La guerre au Liban en elle-même a un impact limité direct sur l’automobile français.
Mais elle s’inscrit dans un contexte plus large de tensions régionales (Iran, pétrole, routes maritimes).
👉 Et là, l’impact devient réel.
⛽ 1. Hausse du prix du carburant
Les conflits au Moyen-Orient perturbent l’approvisionnement pétrolier.
Résultat : hausse des prix à la pompe.
➡️ Conséquence directe :
- baisse de l’intérêt pour les gros moteurs
- montée de l’électrique et de l’hybride
👉 Exemple : en Europe, les tensions géopolitiques ont déjà stimulé les ventes de véhicules électriques d’occasion .
📦 2. Perturbations logistiques
Les zones de conflit impactent :
- les routes maritimes (canal de Suez, détroits stratégiques)
- les délais d’approvisionnement
➡️ Effets :
- retards de production
- coûts logistiques plus élevés
- prix du neuf encore sous pression
💶 3. Climat économique incertain
Les tensions internationales créent :
- inflation
- prudence des ménages
- report des achats importants
👉 Or la voiture neuve est un des premiers achats sacrifiés.
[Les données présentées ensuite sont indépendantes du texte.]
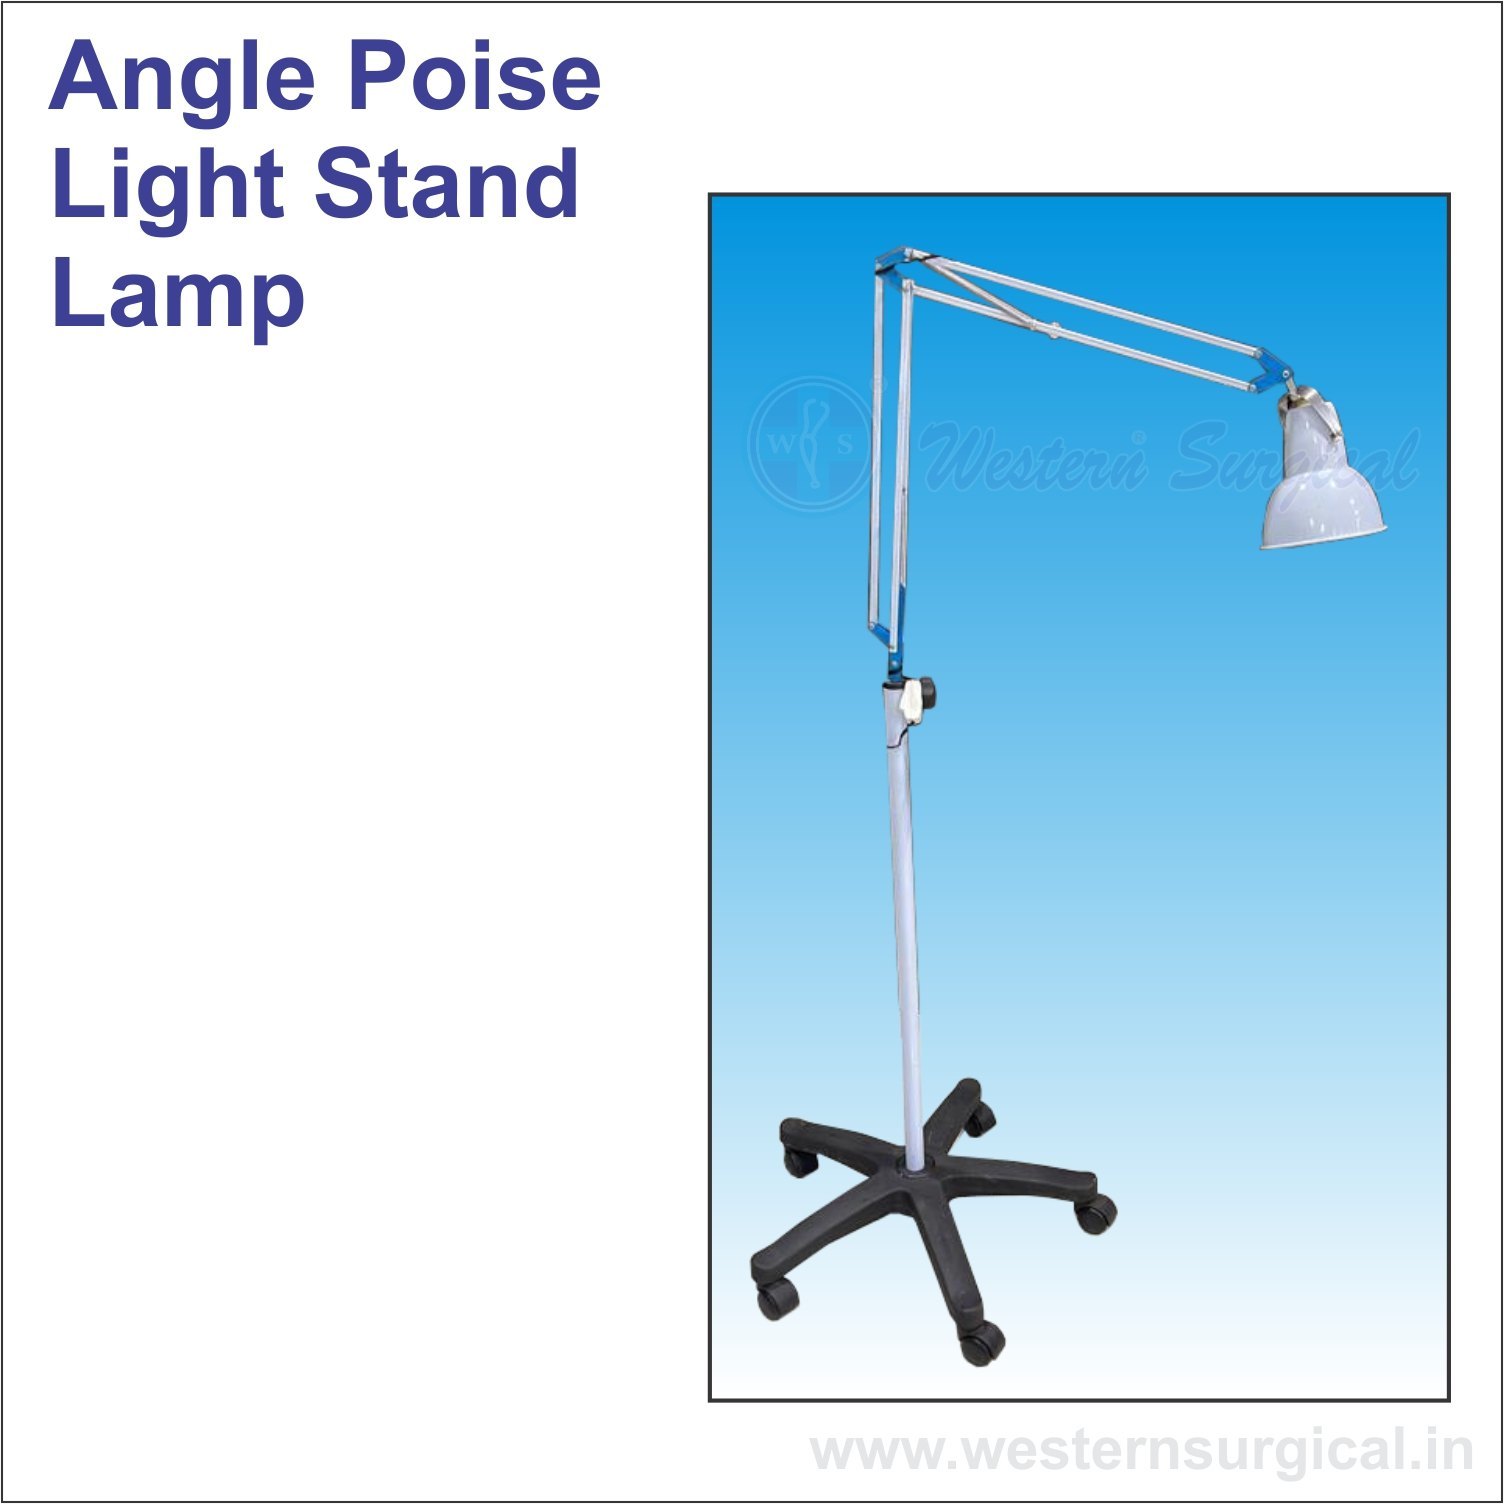 Angle Poise Light Stand Lamp

📊 Une mutation plus profonde que la crise
Il serait une erreur de penser que le marché automobile est simplement en crise.
👉 En réalité, il se transforme :
Trois grandes tendances de fond
- 📉 Moins de neuf, mais plus cher
- 🔁 Explosion de l’occasion
- ⚡ Transition énergétique lente mais irréversible
🔮 Perspectives 2026–2030 : à quoi s’attendre ?
📉 Court terme (1–2 ans)
- Marché du neuf encore fragile
- Occasion toujours dominante
- Pression sur les marges des pros
⚖️ Moyen terme
- Stabilisation progressive
- Retour partiel du neuf si prix maîtrisés
- Montée de l’électrique d’occasion
🚀 Long terme
- Basculement vers :
- électrique
- leasing
- économie d’usage (moins de propriété)
🧠 Mon analyse (terrain + business)
Clairement, on est dans un marché beaucoup plus favorable aux pros de l’occasion que du neuf.
👉 Pour un professionnel (comme toi avec ALM MOTORS / GTAC), il y a plusieurs opportunités :
🔥 Opportunités
- forte demande sur véhicules fiables et bien suivis
- clients plus rationnels → importance de l’historique
- montée des outils type CarVertical / Autoviza (confiance)
- marché des SUV / hybrides très dynamique
⚠️ Risques
- tension sur l’approvisionnement
- véhicules récents rares
- évolution rapide des réglementations
🏁 Conclusion
Le marché automobile français n’est pas en chute libre.
Il est en pleine recomposition.
👉 La guerre au Liban (et plus largement les tensions géopolitiques) agit comme un accélérateur indirect :
- hausse des coûts
- incertitude économique
- basculement vers l’occasion
👉 Le vrai tournant n’est pas la guerre.
C’est le changement de modèle économique de l’automobile.